**Task**
All of the data that follows is to be written out exactly, with images excluded.

*** Provided material Section Begins ***

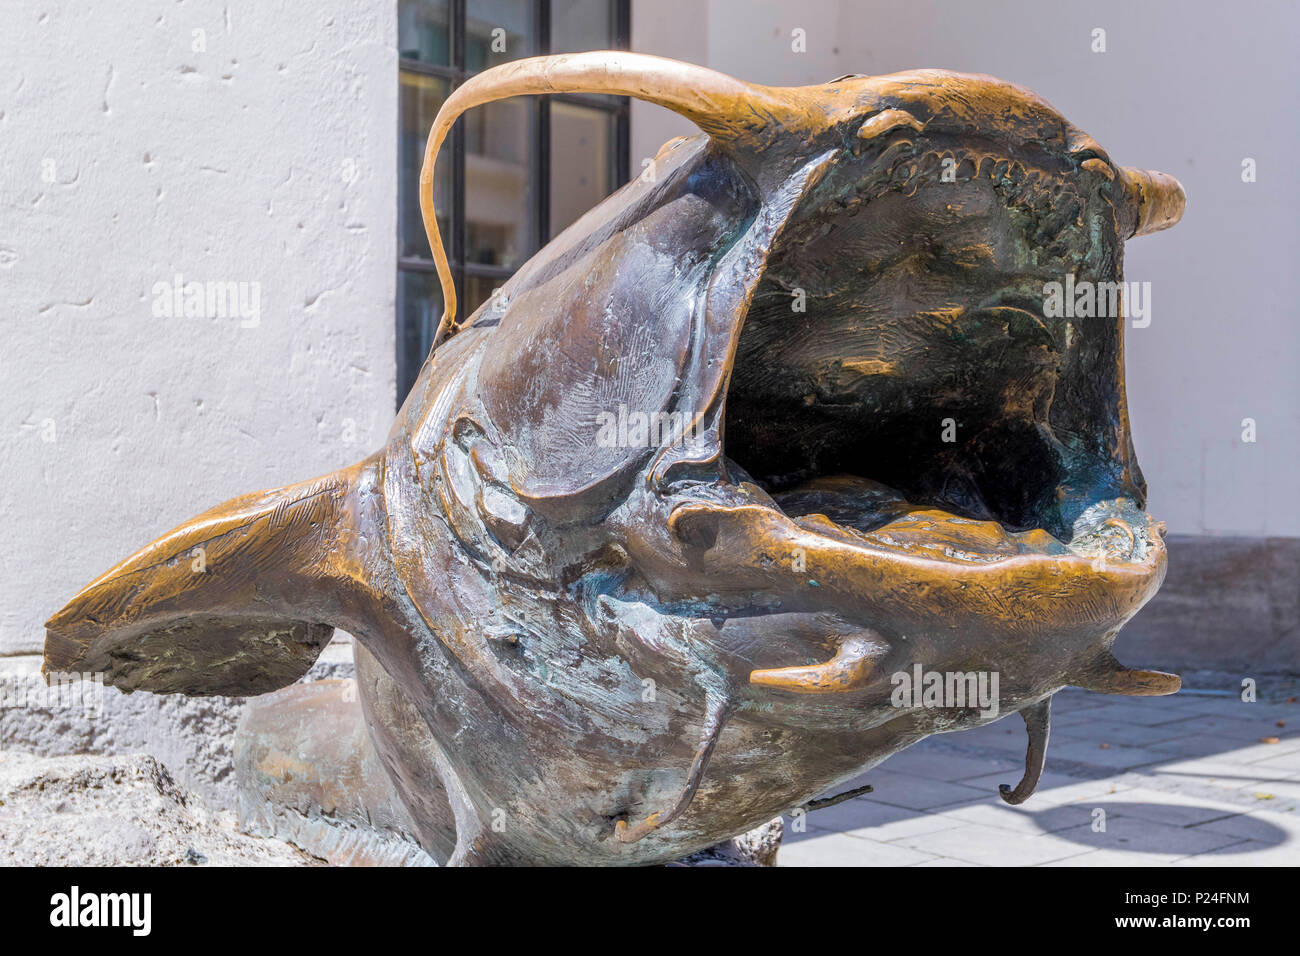 German Hunting and Fishing Museum in the former Augustinian Church, bronze sculpture of a fish, Munich, Bavaria, Germany, Europe Stock Photo
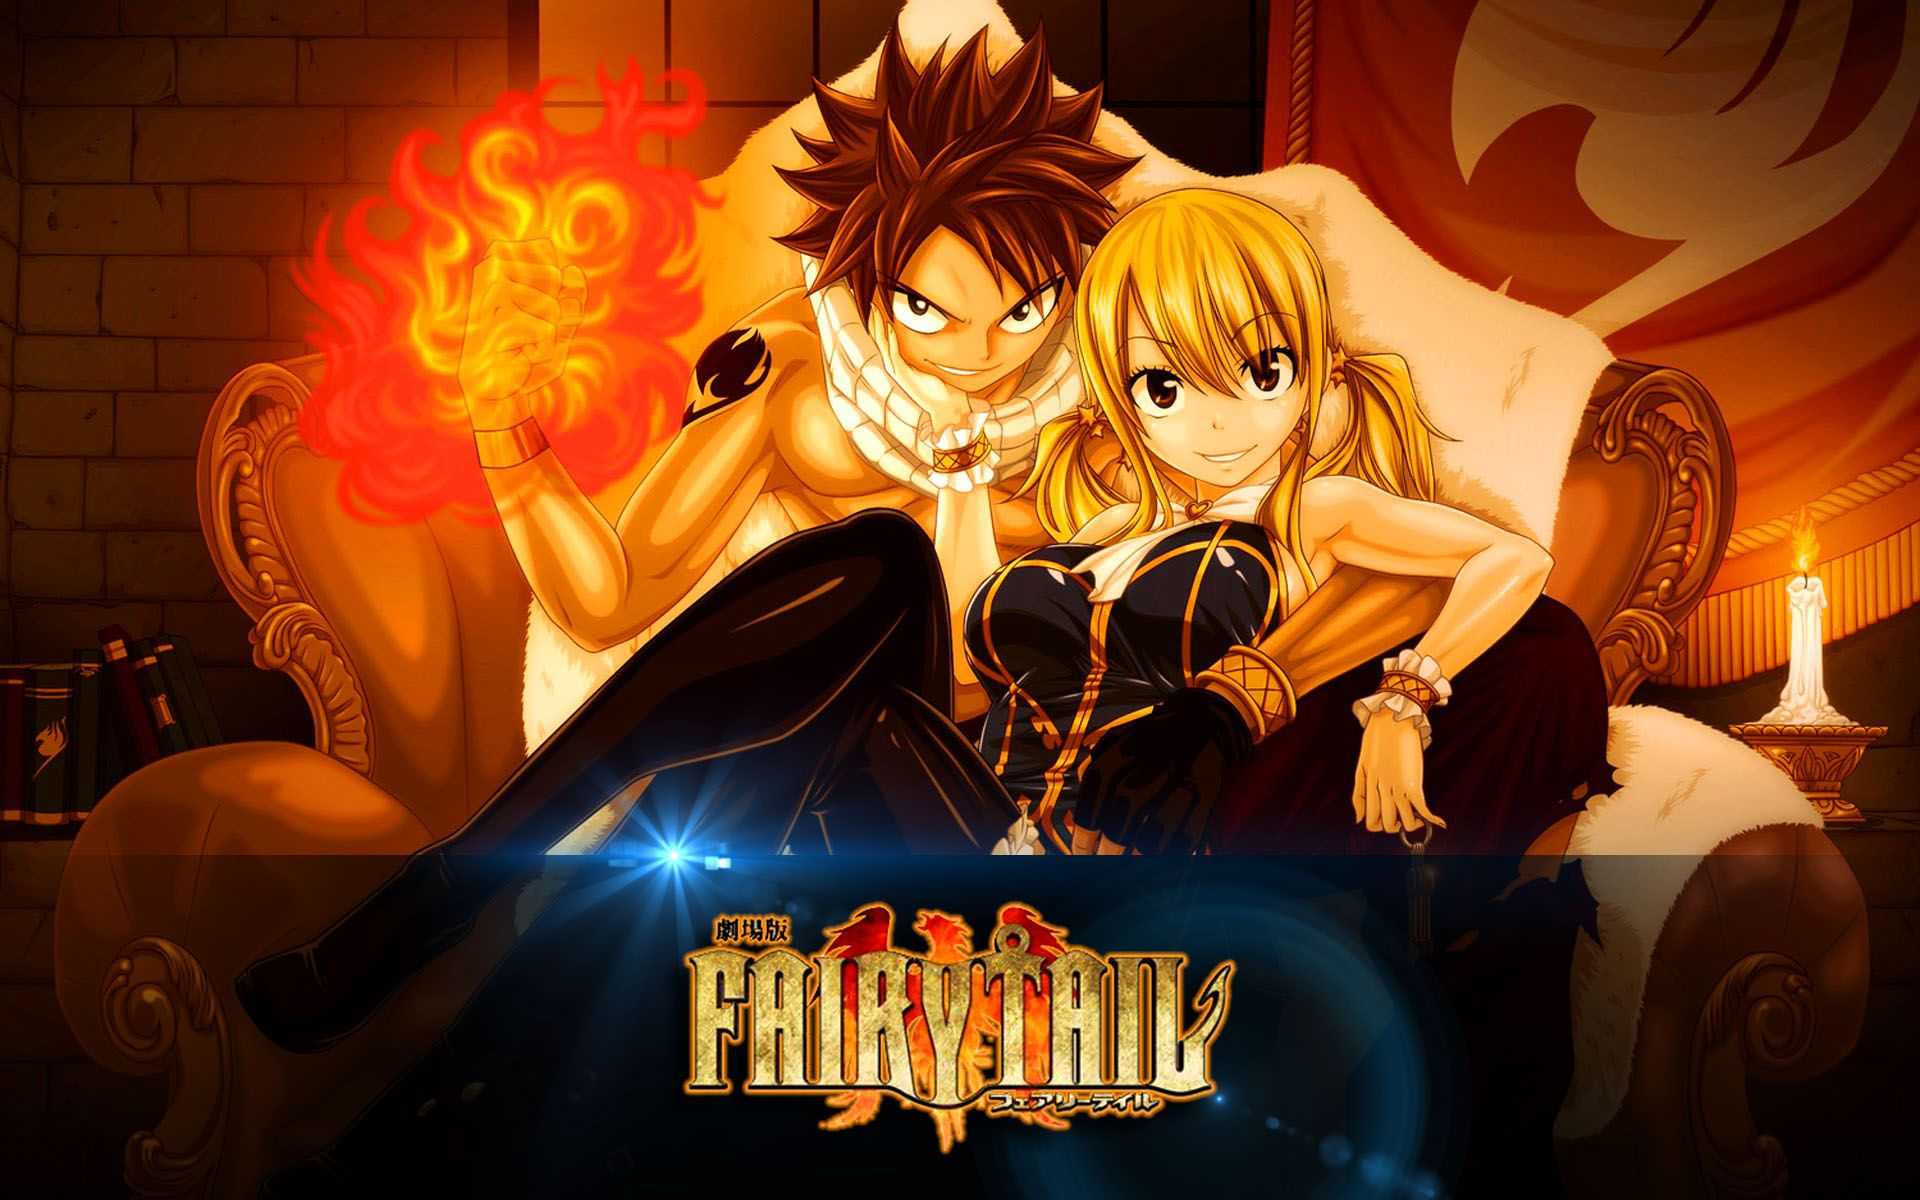 Desktop Of Fairy Tail Lucy And Natsu Dragon Force Wallpaper Anime
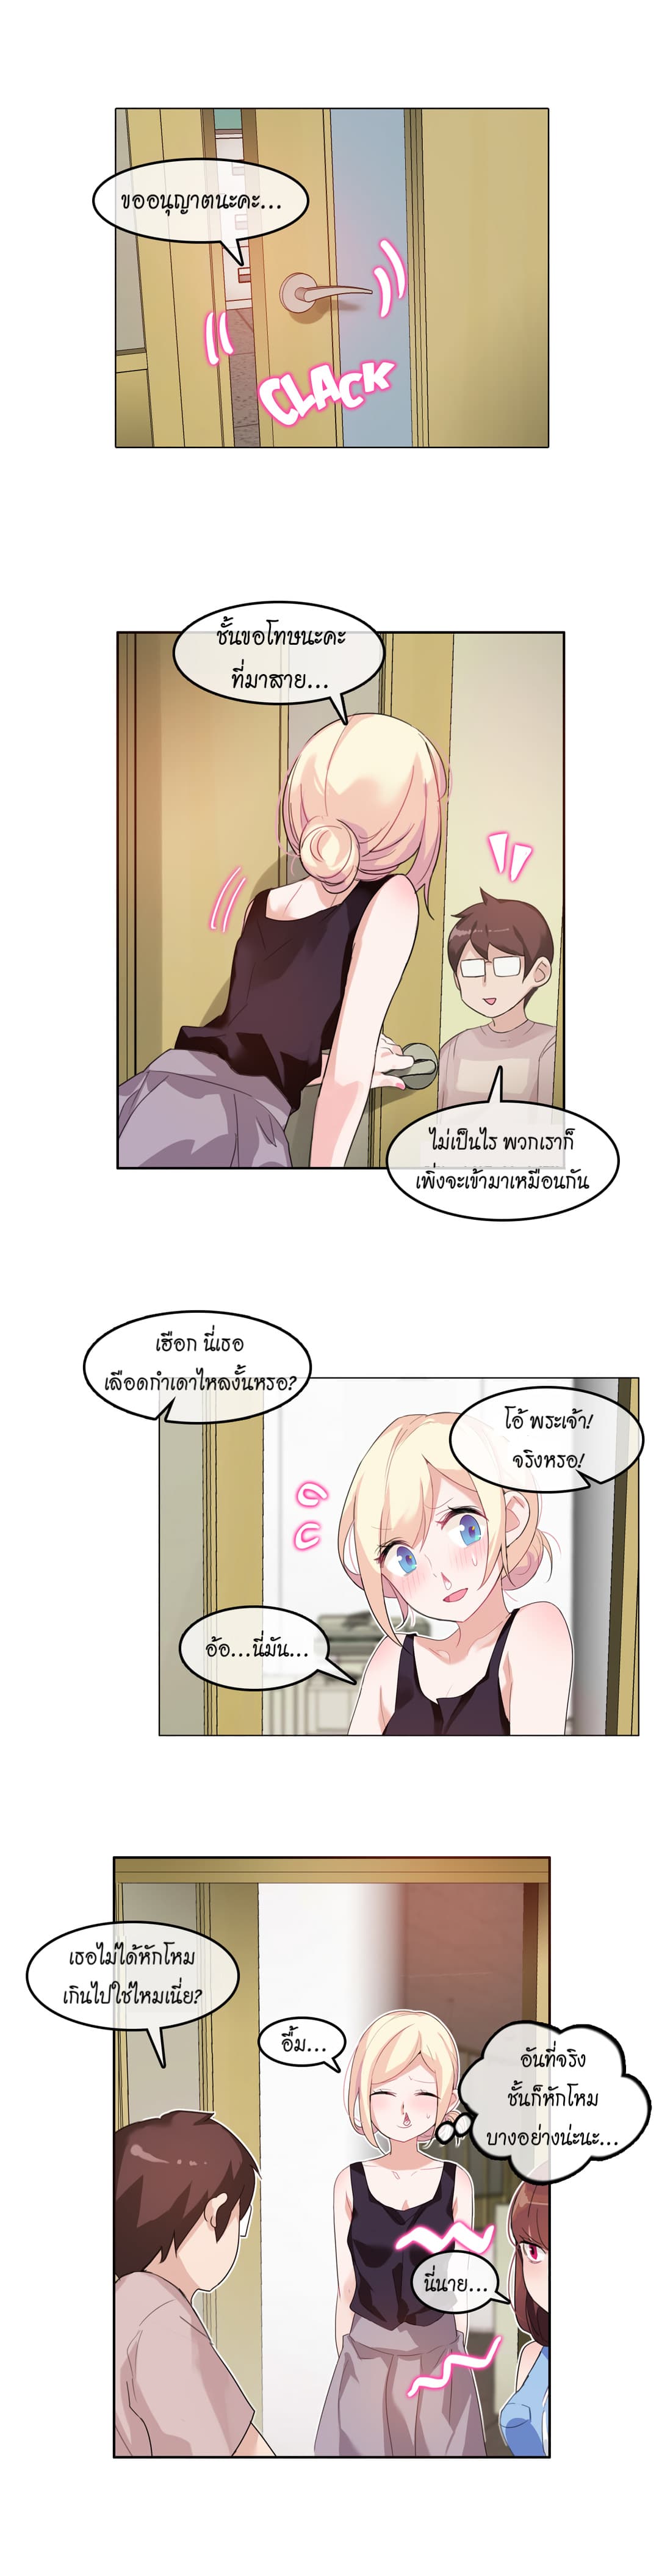 A Pervert’s Daily Life 6 (1)

*** Provided material Section Ends ***

**The answer**
 German Hunting and Fishing Museum in the former Augustinian Church, bronze sculpture of a fish, Munich, Bavaria, Germany, Europe Stock Photo
 Desktop Of Fairy Tail Lucy And Natsu Dragon Force Wallpaper Anime
 A Pervert’s Daily Life 6 (1)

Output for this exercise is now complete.